Sinocentric Assumption
Sinocentrism is a useful assumption for periods when China was unified and strong, such as the early Ming. Early Ming emperors generally enacted a superior role when receiving foreign rulers which they expected them to acknowledge by accepting tributary status. There are, however, notable exceptions. Joseph Fletcher long ago cited the example of the Yongle emperor’s letter in 1418 to the ruler of the Timurid Empire in which he addressed him as a fellow monarch, in effect renouncing his claim to superiority.
        The example shows that sinocentrism did not inhibit Chinese rulers from adopting pragmatic policies for practical objectives. Even under conditions of Chinese primacy, therefore, it is not necessarily true to say that ‘Outside countries, if they were to have contact with China at all, were expected and when possible obliged to do so as tributaries’. The rigid set of Chinese attitudes toward foreigners that the model stipulates makes no allowance for this pragmatism.
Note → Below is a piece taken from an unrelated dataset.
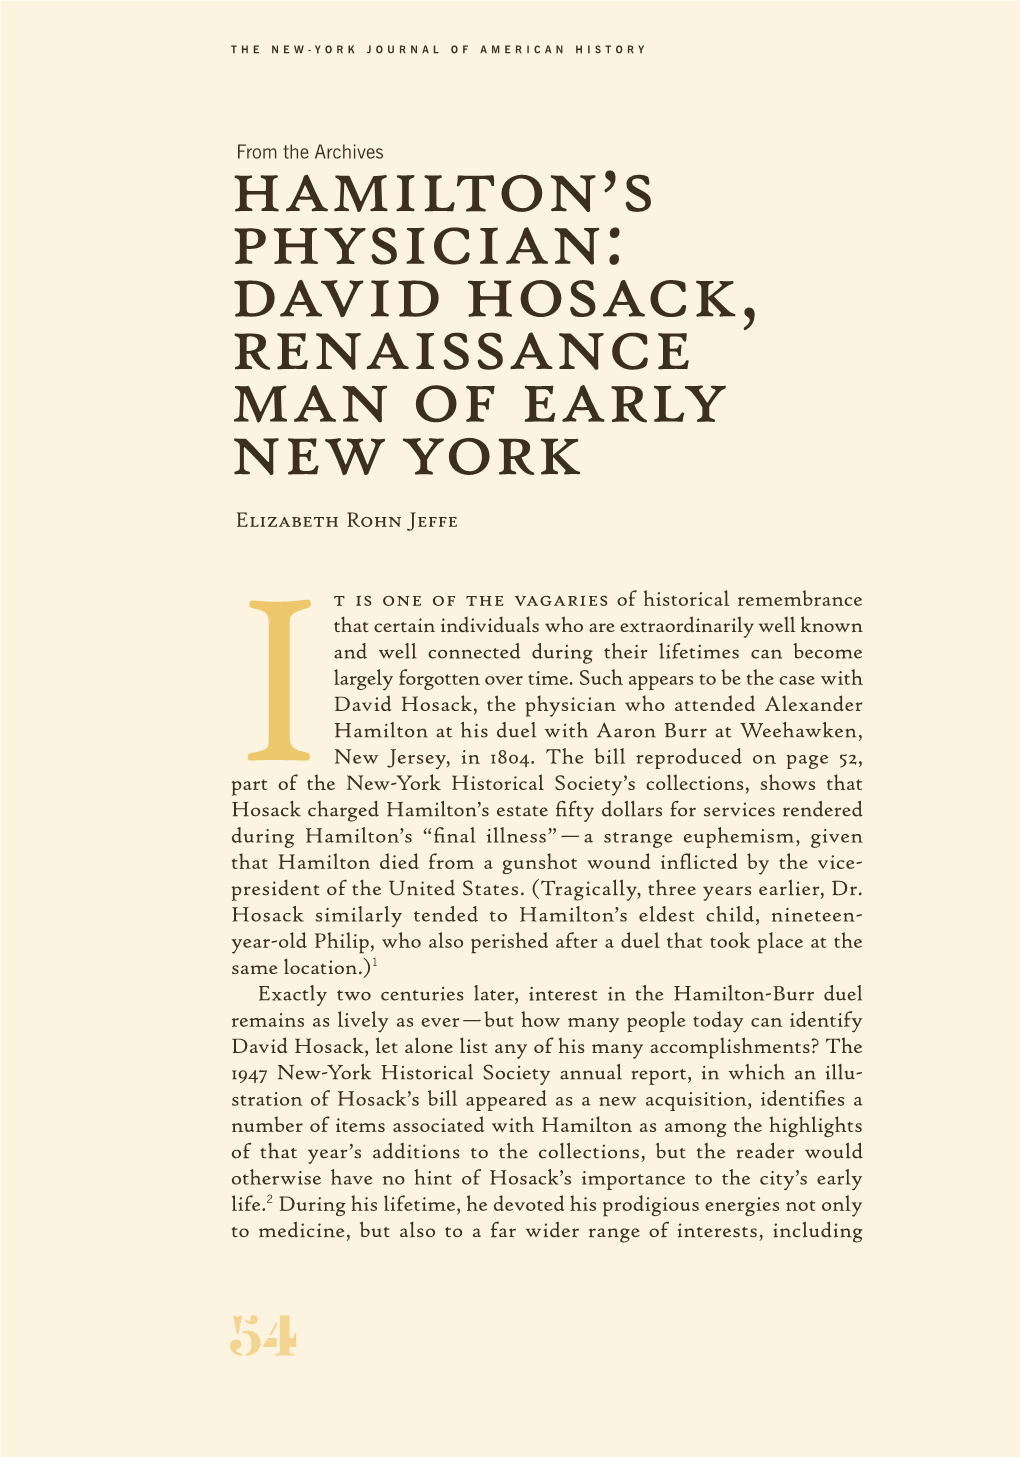 Hamilton's Physician: David Hosack, Renaissance

Implicit in this flaw is the failure to take into account that imperial China, like every other state, also had to deal with a variety of security problems that might affect its survival. Under certain circumstance, therefore, pragmatism superseded sinocertrism. China could not be expected to ensure security at all times while maintaining its self-assumed superiority without exhibiting flexibility and pragmatism in its foreign policy, as did the early Ming.
Descriptive Accuracy
The model posits that foreign rulers who wanted to establish relations with China could only do so as China’s tributaries, and describes in detail the ritual practices it claims were integral to tributary relations. But is this an accurate description of East Asian politics in the early Ming?
        This description might apply to Sino-Korean relations, but takes no account of major aspects of Sino-Japanese and Sino-Mongol relations. There were long periods during which neither the Japanese nor the Mongols agreed to pay tribute to the Ming. The shogun Yoshimochi isolated Japan from China from 1411 to 1424. Four decades earlier Prince Kanenaga had executed Chinese envoys, and challenged sinocentrism in a letter to the Hongwu emperor. During the Hongwu period the Mongolian royal house rejected Ming tributary offers, and in the Yongle reign Mahmud, chieftain of the Oirat Mongols and Arughtai, chieftain of the Eastern Mongols conformed intermittently and for opportunistic reasons to tributary status. Neither the Japanese nor the Mongols were participant in the early Ming tribute system for ny length of time.
        It might be said that this discrepancy in the Ming tribute system as described in the model does it no harm, the logic being that the rejection of tributary status by the Japanese and the Mongols signifies that they had no relations with China. Such a defence might be justified on the premise that all foreign were official and sanctioned by Chinese rulers. But this explanation strips the model of much of its interpretive value, bearing in mind that even at the times when Japanese and the Mongols stayed away from the early Ming tribute system, they nonetheless maintained – often the more interesting – aspects of interactions with Ming China. Can we not say, for example, that Yoshimochi’s letter to Yongle in 1418, denying responsibility for Japanese piracy, is an example of interaction between Japan and China, or that Kanenaga’s execution of Chinese envoys and his defiant letters to the Ming court do not imply larger Sino-Japanese relations, or indeed that Mongol resistance against and challenging of Ming China, often characterized by wars, are emblematic of Sino-Mongol relations during the early Ming?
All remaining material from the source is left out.